Venerdì 30 gennaio (ore 21.30) il Bronson di Madonna dell’Albero ospita il concerto del progetto electro-metal OvO, ossia Stefania Pedretti (voce e chitarra) e Bruno Dorella (batteria, sample e synth), che presentano Gemma, il loro undicesimo album in studio, uscito nell’ottobre scorso e che ha celebrato venticinque anni di attività del duo. Con loro – attualmente Pedretti vive a Ravenna, dove anche Dorella ha abitato per circa un decennio, mentre ora vive a Bruxelles – abbiamo parlato del nuovo disco e del quarto di secolo di OvO.

Forse anche per via dei vostri svariati progetti paralleli (Dorella è in Bachi da Pietra, Ronin, Sigillum S e Tiresia, Pedretti ha il progetto solista Alos, ndr), Ovo è una band in continua trasformazione, ma soprattutto un progetto puro, si potrebbe dire quasi spirituale, che nel tempo è diventato un piccolo mito, di nicchia, ma comunque mito. Si possono individuare gli snodi fondamentali della vostra carriera?

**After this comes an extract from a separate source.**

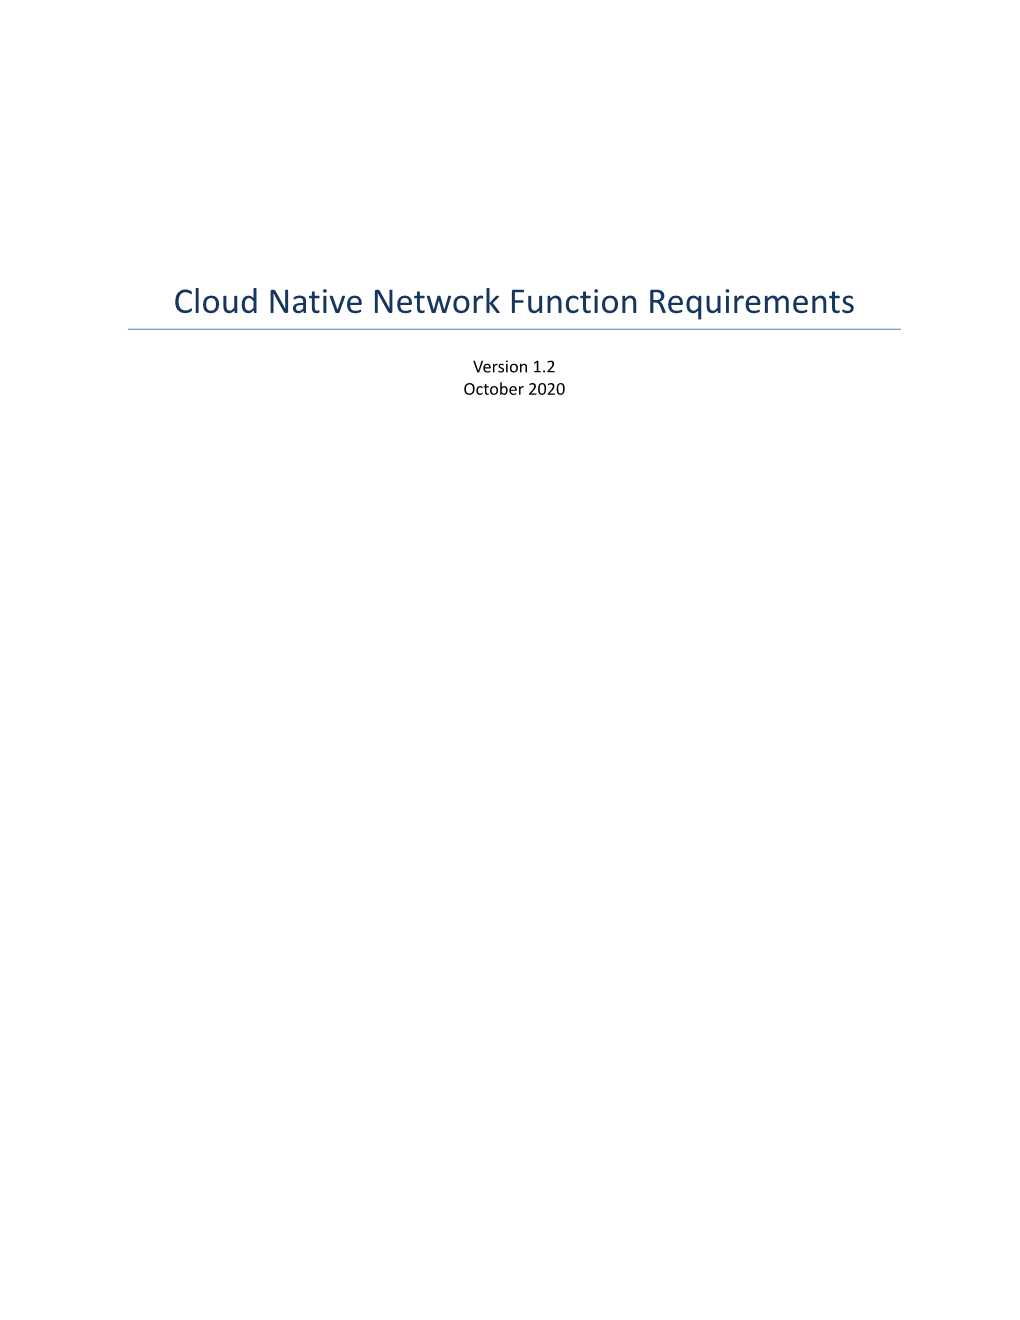 Cloud Native Network Function Requirements

Bruno Dorella: «È proprio vera questa cosa che siamo delle piccole leggende. Ce lo dicono ogni sera dal pubblico, ce lo dicono gli organizzatori e le altre band. È strano da dentro, perché io, anche a 50 anni, mi sento sempre un giovane emergente. In generale è giusto parlare di trasformazione ma anche di evoluzione. All’inizio i nostri dischi erano un tentativo di rappresentare quello che era il nostro live, quindi ci siamo creati questa fama di gruppo difficile da ascoltare su disco, che ancora un po’ ci segue. In qualche modo perché comunque non siamo un gruppo pop né tantomeno troppo orecchiabile (e questo non credo che cambierà mai). A un certo punto però, tra il 2010 e il 2011, con l’album Cor Cordium, abbiamo proprio deciso di lavorare in maniera diversa sui dischi, cercando di far sì che anche il disco, per quanto rimanga comunque un’esperienza d’ascolto un po’ di sfida, si proponga come oggetto d’arte a sé. Le nostre fasi artistiche dunque sono abbastanza chiare: la prima, dal 2000 al 2002 circa, in cui eravamo un gruppo totalmente di improvvisazione radicale e avevamo lo stesso approccio improvvisativo sia dal vivo che in studio. Poi gradualmente c’è stata una fase, dal 2002 al 2010, in cui ci siamo resi conto che andava fissato un canovaccio sui dischi, anche se ancora l’album rimaneva figlio di quello che si faceva dal vivo. Dal 2011 abbiamo deciso di lavorare invece partendo dal disco e poi rappresentare il disco nei live. Con l’album Abisso, del 2013, abbiamo quindi iniziato a inserire anche l’elettronica nei dischi, e nel 2020 siamo passati all’etichetta Artoffact Records, accentuando questa tendenza. Con Gemma invece abbiamo veramente voluto passare il confine e inserire l’elettronica in maniera molto più evidente, anche influenzati come dicevi da quello che facciamo al di fuori di OvO, per quanto mi riguarda, ad esempio, colonne sonore per teatro e danza, mentre per Stefania tutto l’aspetto ritualistico del suo progetto Alos. Inoltre, entrambi siamo sempre di più nel mondo del djing, in cui si balla, ci stiamo davvero divertendo molto in questa scena e anche quello è arrivato in Gemma. Ora il nostro obbiettivo è la doom dance».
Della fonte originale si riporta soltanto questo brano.